◆ **Recorded data**:
= Beginning of Section =

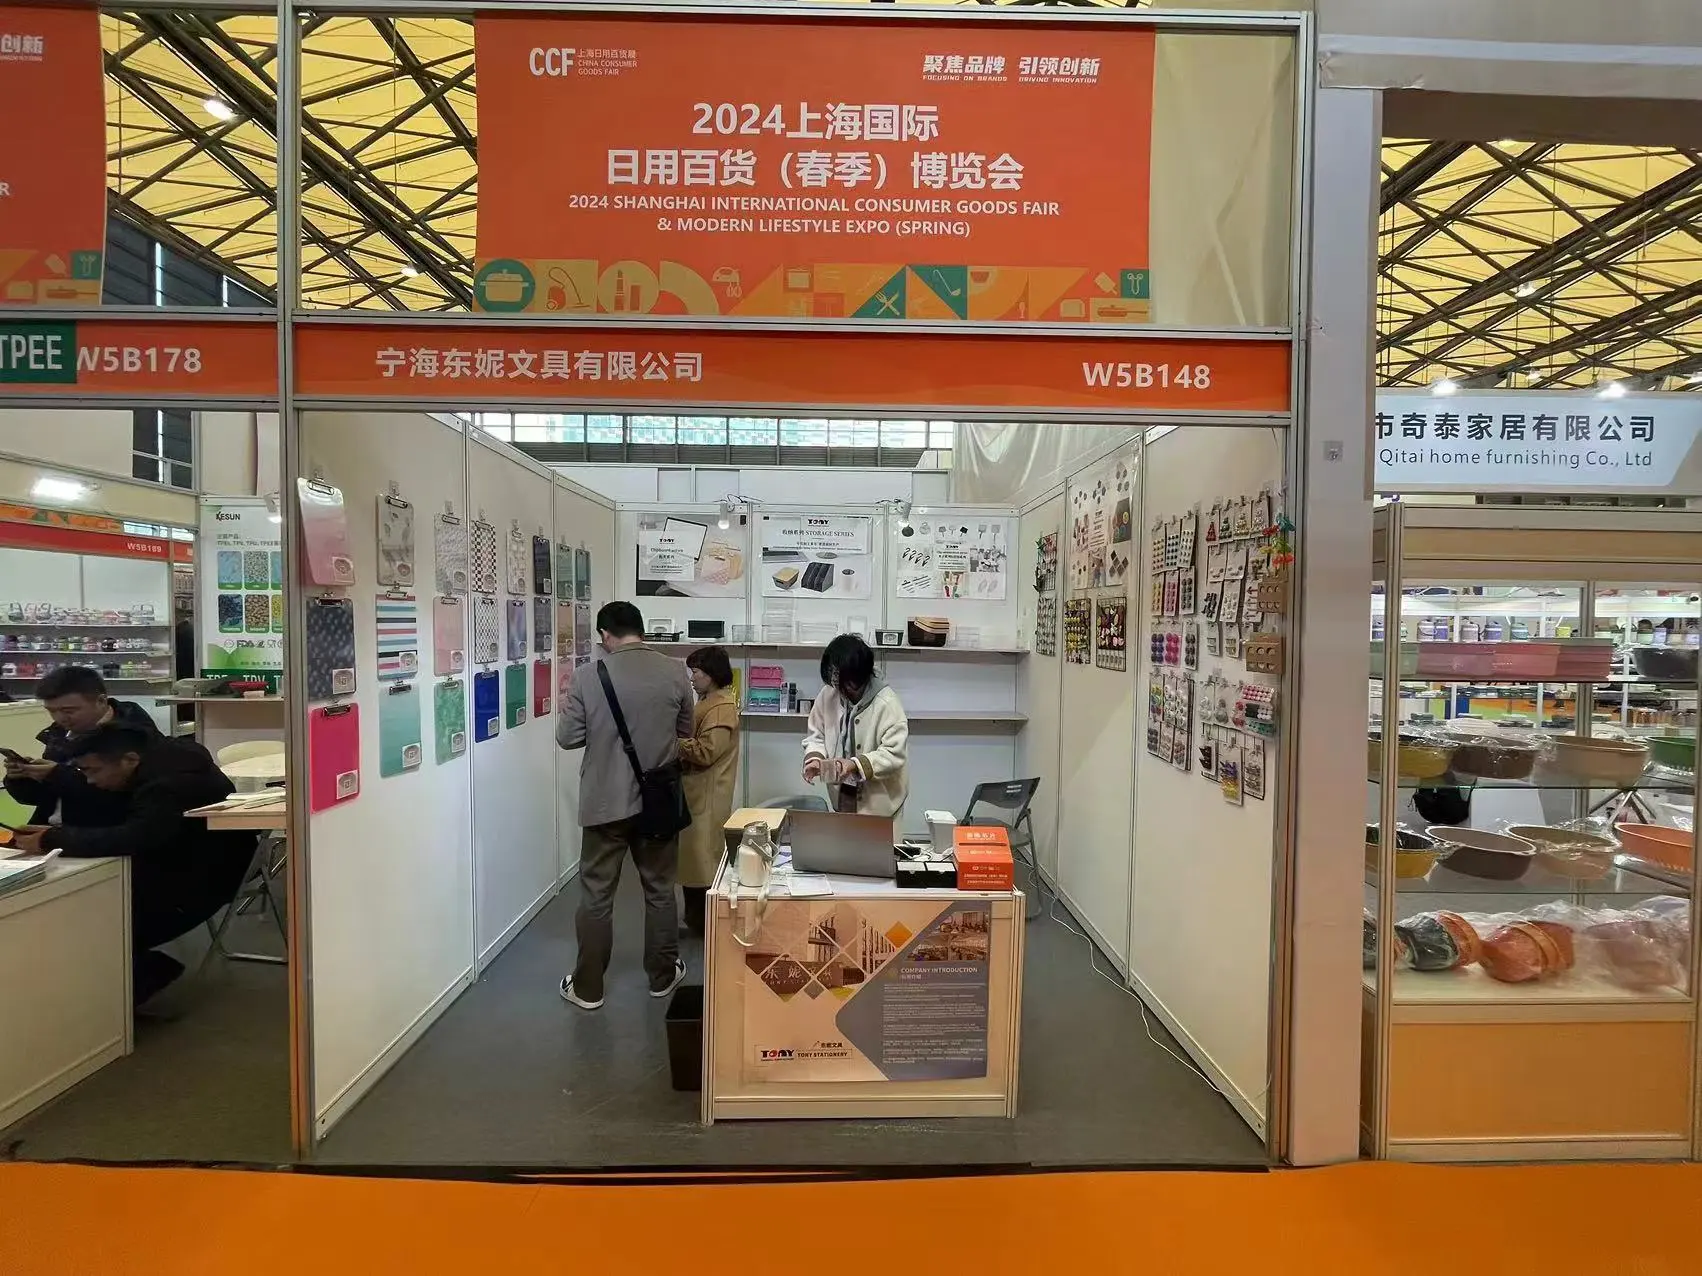 Tony Stationery stellt auf der Shanghai International Consumer Goods Fair 2024 aus
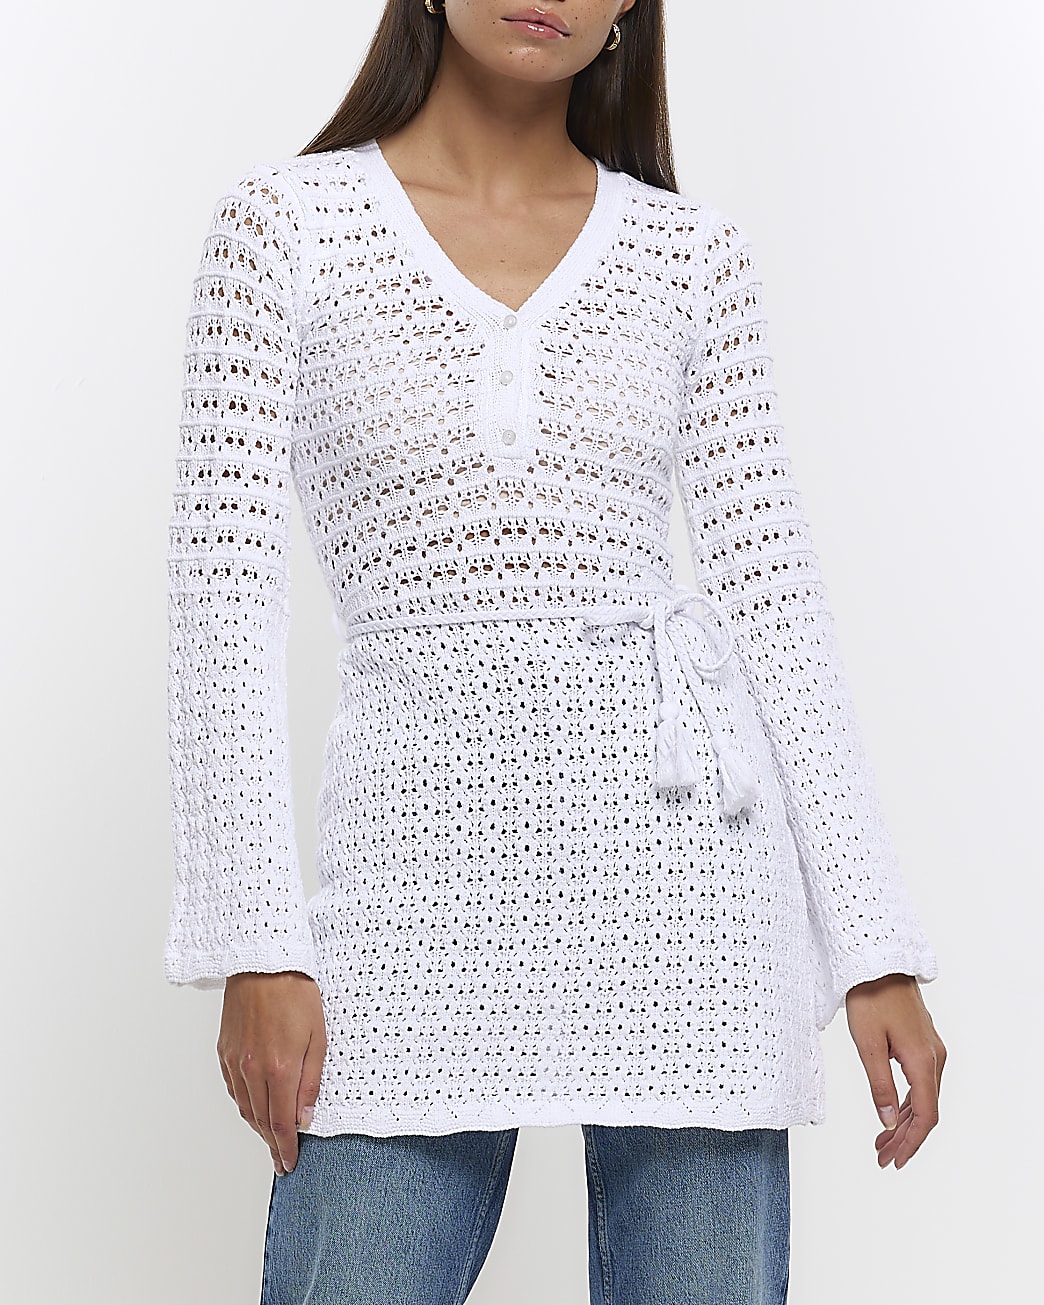 White crochet long sleeve top
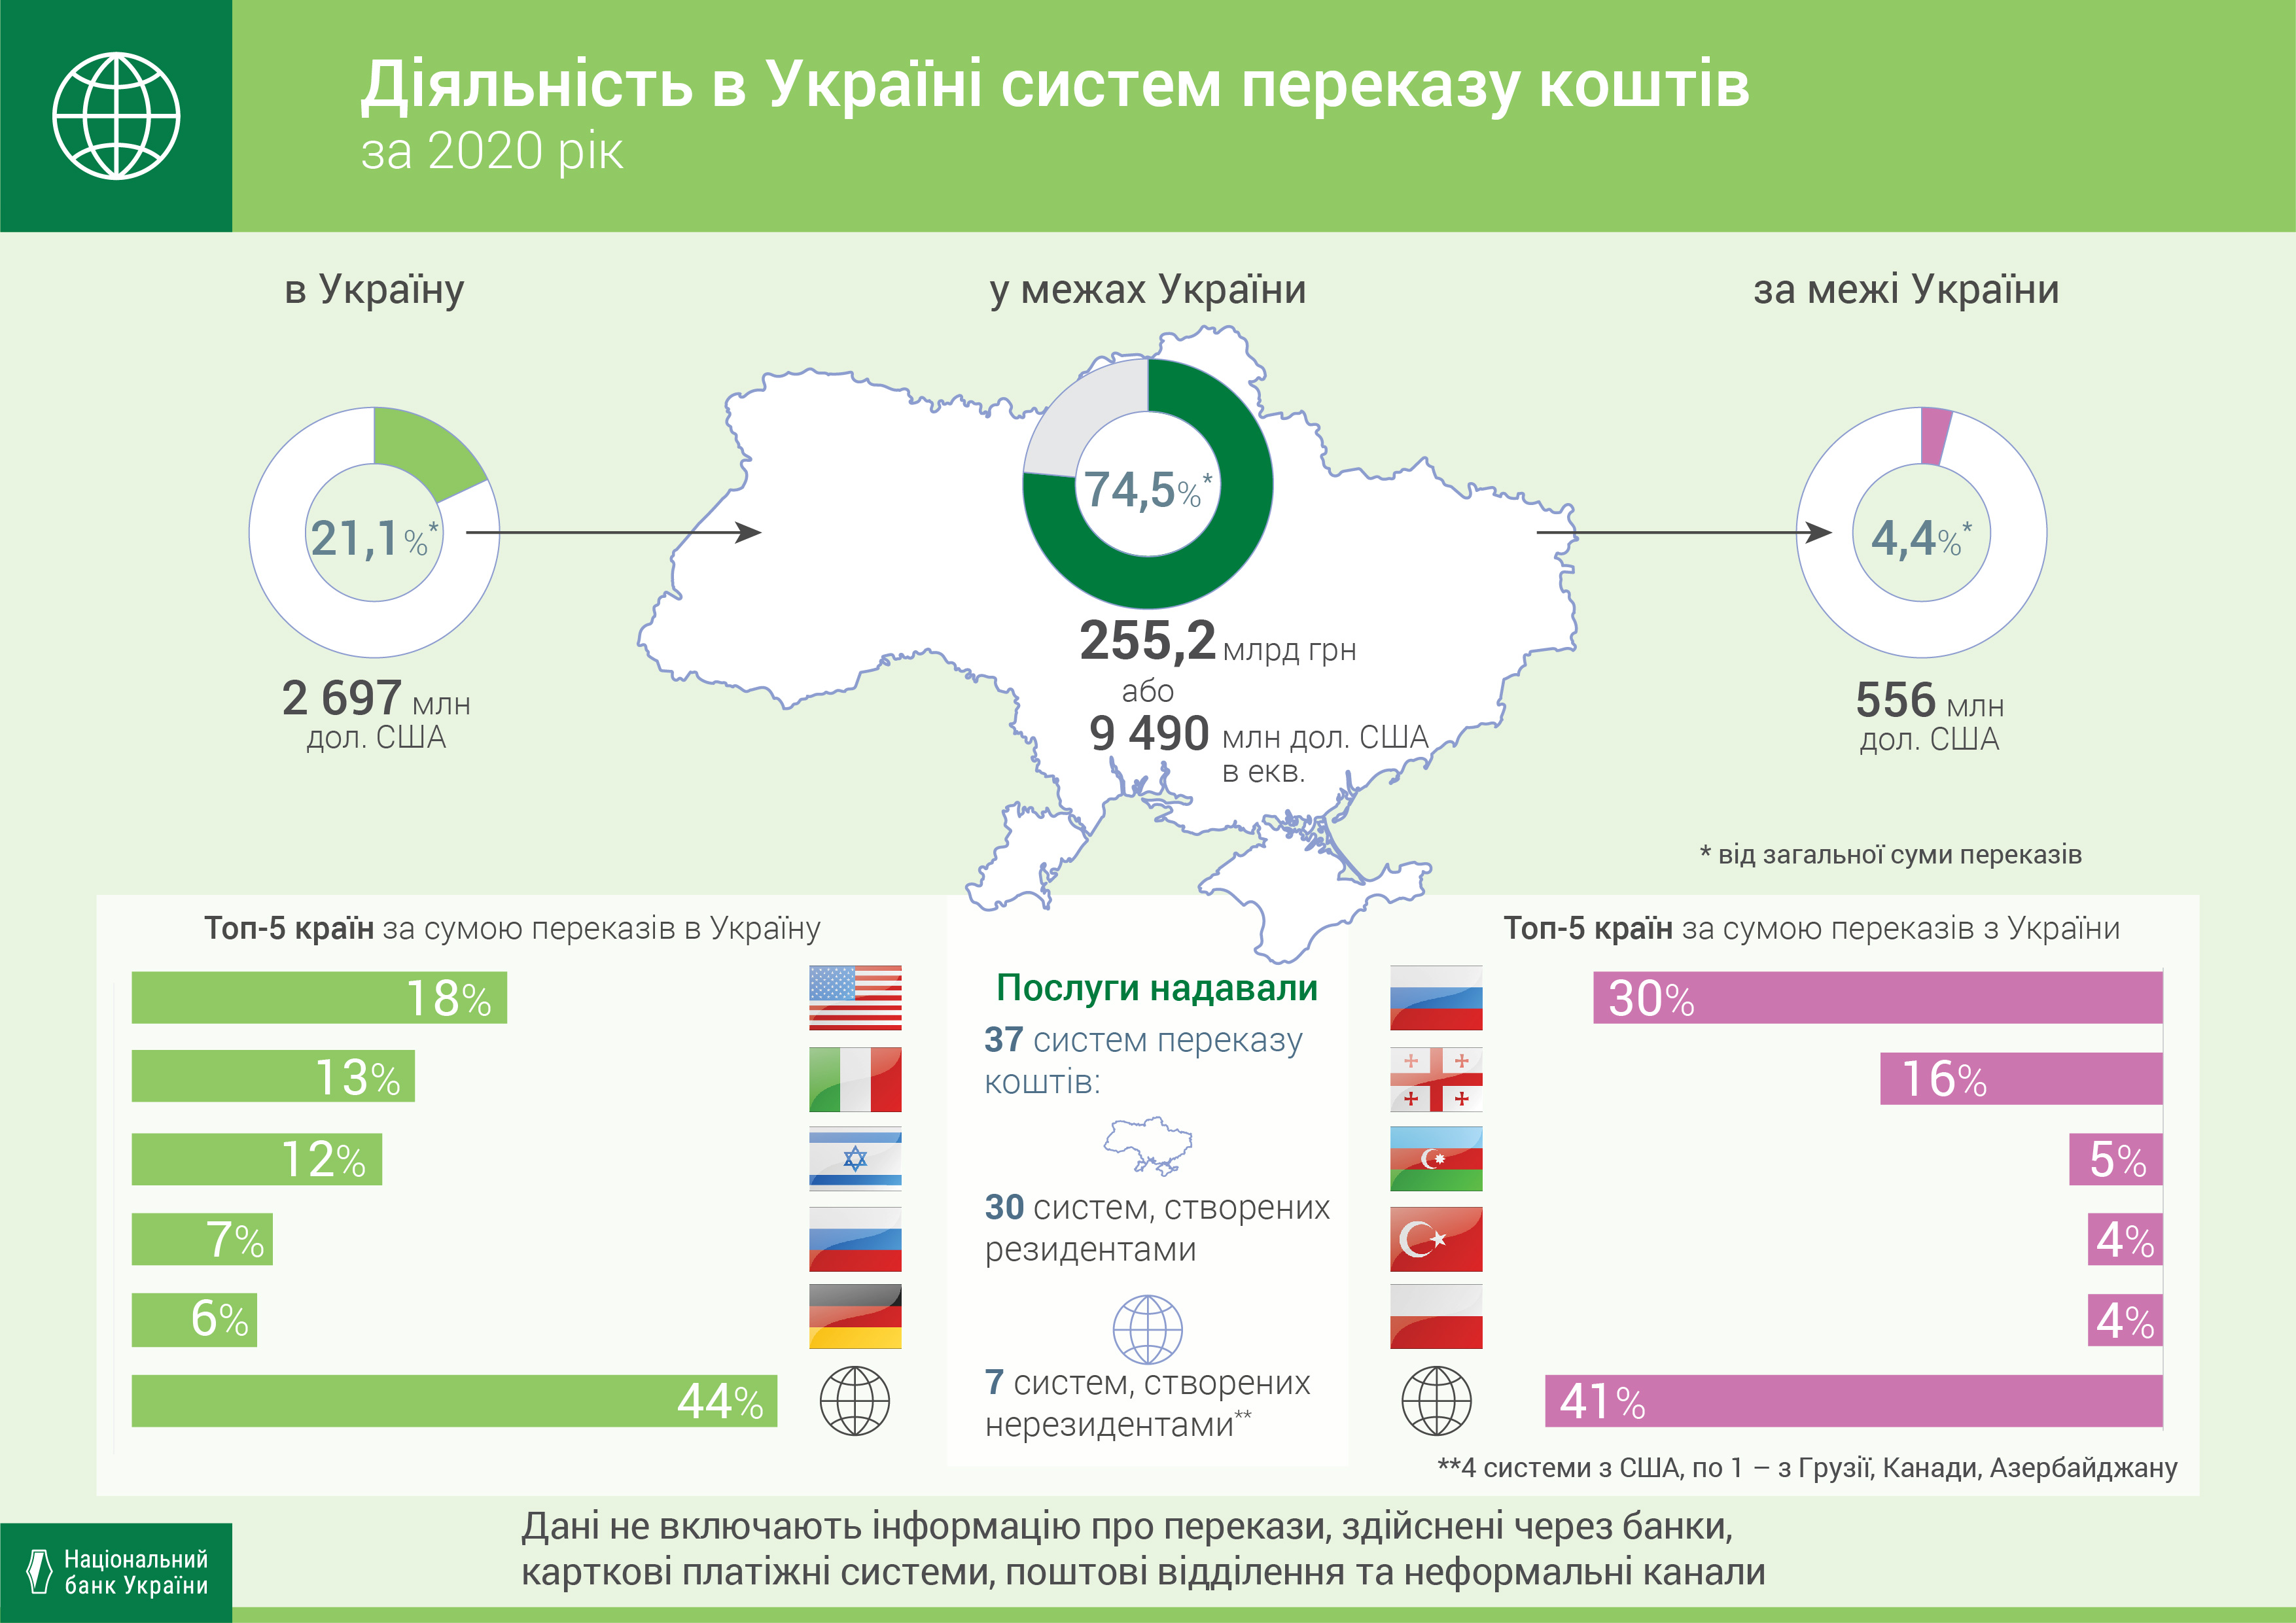 Діяльність в Україні систем переказу коштів, 2020 рік

= End of Section =

◆ **Problem to solve**:
Copy all of the material word for word, and include none of its pictures.

◆ **Result for this task**:
 Tony Stationery stellt auf der Shanghai International Consumer Goods Fair 2024 aus
 White crochet long sleeve top
 Діяльність в Україні систем переказу коштів, 2020 рік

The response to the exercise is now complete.